Introduction To Reinforcement Learning
What Is Reinforcement Learning?
Reinforcement learning is a way for our models to learn on its own without the labels.
We can expect our models to perform poorly at the start of the training but they will gradually improve over time.
Different Types Of Reinforcement Learning
Currently, the DataPredict™ library provides two different methods of reinforcement learning. The table below will show you the comparison between them
| Property | Tabular Reinforcement Learning | Deep Reinforcement Learning |
|---|---|---|
| Input | An environment feature value | An environment feature vector |
| Discrete Output | Single action value | Single action value |
| Continuous Output | Not applicable | A mean action vector |
Environment Feature Inputs
Currently, because different methods requires different way on how we input things, we will break them into both cases
Environment Value For Tabular Reinforcement Learning
An environment feature value is one of
Environment Vector For Deep Reinforcement Learning
An environment feature vector is a vector containing all the information related to model’s environment. It can contain as many information such as:
-
Distance
-
Health
-
Speed
An example of environment feature vector will look like this:
local environmentFeatureVector = {
{1, -32, 234, 12, -97} -- 1 is added at first column for bias, but it is optional.
}
Action spaces
An action space just means the set of actions that the AI could take for any given state. There are two types of action spaces:
-
Discrete
-
Continuous
Discrete Action Space
Discrete action space are where the AI could choose only one action from a set of actions that exists for a specific environment. For example:
-
Movements: Up, down, forward, backward
-
Policeman actions: Move towards the criminal, run away, patrol, check, arrest
Notice that you can only choose one action from a set of actions. More than one action cannot be performed at the same time.
Continuous Action Space
Continuous action space, on the other hand, are where the AI could choose different values for each of the actions that exists for a specific environment. For example:
-
Driving: Throttle speed, steering rotation, brake amount
-
Robotic hand movements: Finger 1 rotation, finger 2 rotation, finger 3 rotation
As you can see, you can get the values for each of the actions. More than one action can be performed at the same time.

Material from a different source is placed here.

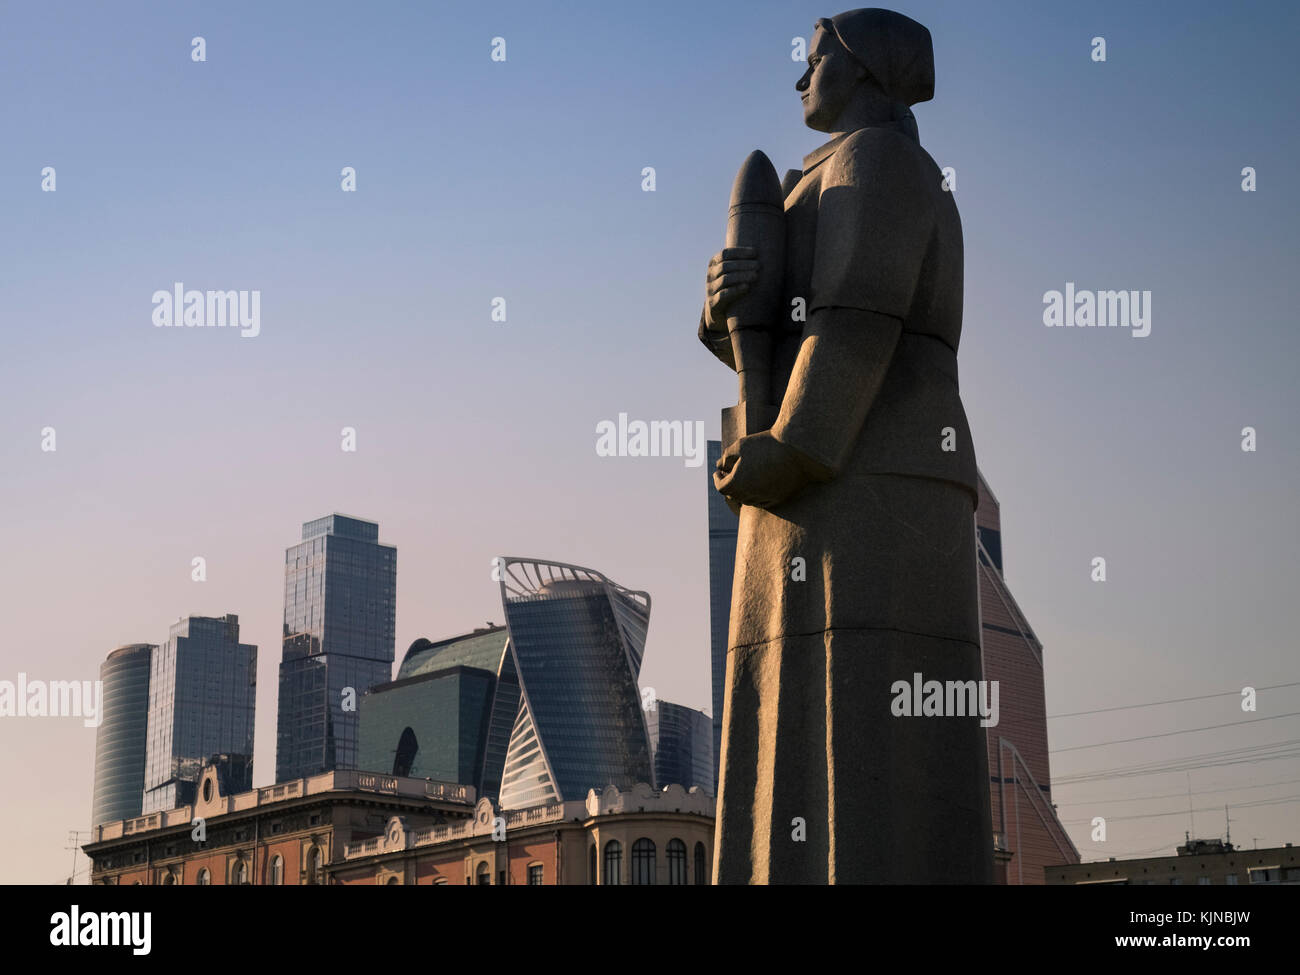 Un sovietico WW2 monumento nel distretto di Dorogomilovo, con un moderno centro Business Internazionale di grattacieli in background, Mosca, Russia. Foto Stock
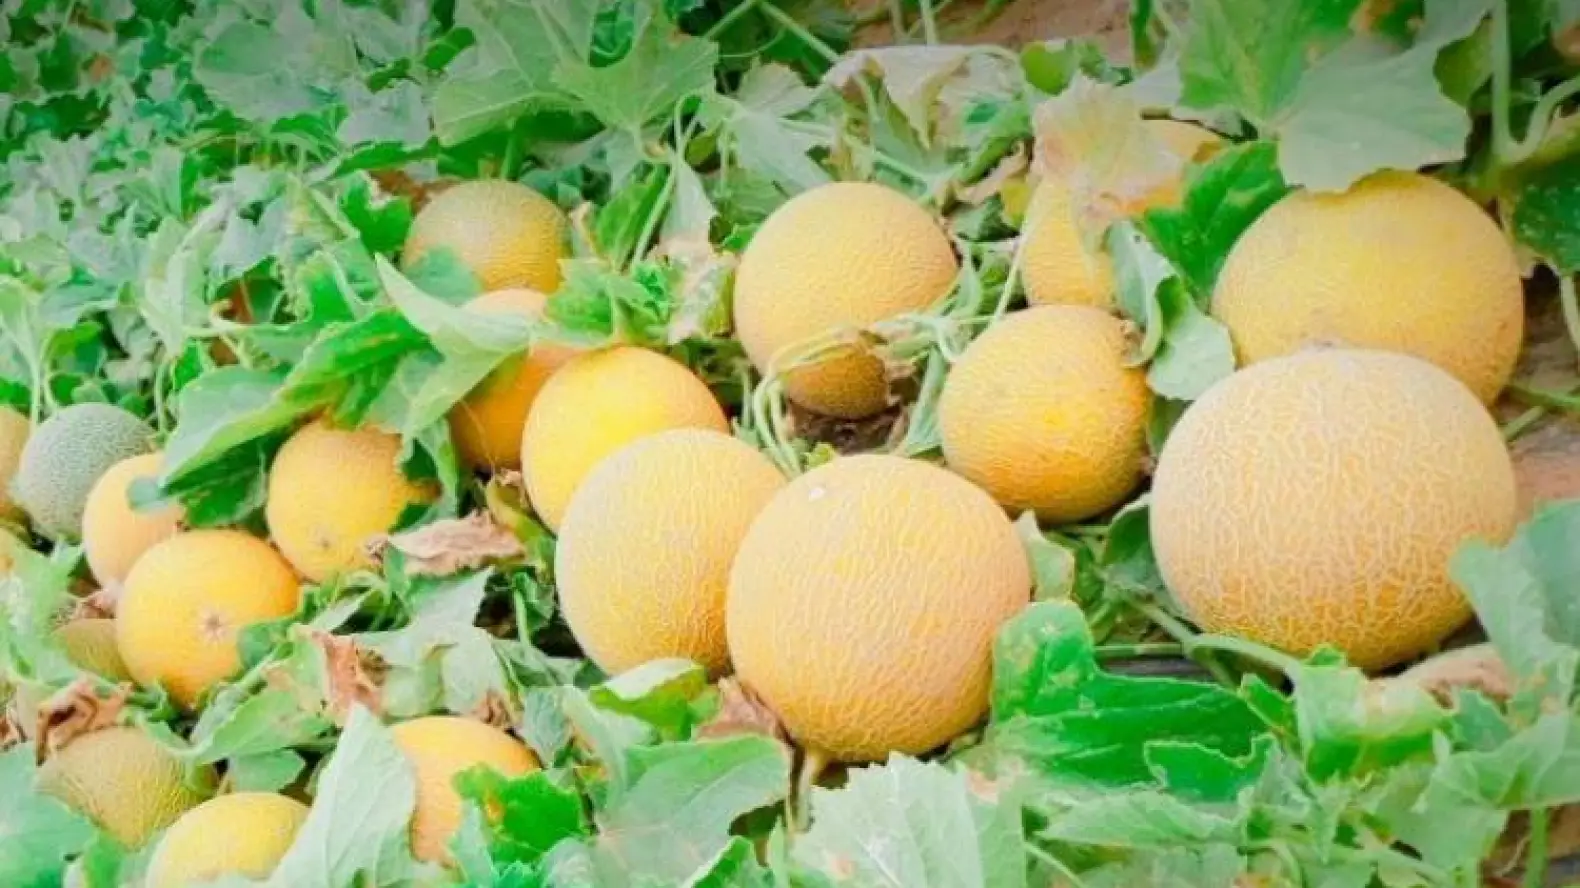 عامل إقليم كلميم يمنع زراعة البطيخ الأحمر والأصفر للحفاظ على الفرشة المائية

Choosing The Correct Algorithm For A Given Action Space
From the above, you can see that different types of action spaces have different types of properties. That also means that the way that our AI will have different way of learning things due for different properties. Because of how much mathematics are involved, we will not cover them any further.
What you will need to know instead that you will need to match the correct QuickSetup object and algorithm functions to use for a given action space type.
| Action Space | QuickSetup Object To Use | Function To Use To Perform The Step Updates | What Value Type Is Used To Update The Algorithm |
|---|---|---|---|
| Discrete | CategoricalPolicy | categoricalUpdate() | A single action |
| Continuous | DiagonalGaussianPolicy | diagonalGaussianUpdate() | An action vector containing all values for all actions |
Reward Values
This is the value where we reward or punish the models. The properties of reward value is shown below:
-
Positive value: Reward
-
Negative Value: Punishment
-
Large value: Large reward / punishment
-
Small value: Small reward / punishment
It is recommended to set the reward that is within the range of:
-1 <= (total reward * learning rate) <= 1
That’s all what you need to know for today!
Thank you very much for reading this tutorial. Have a nice day!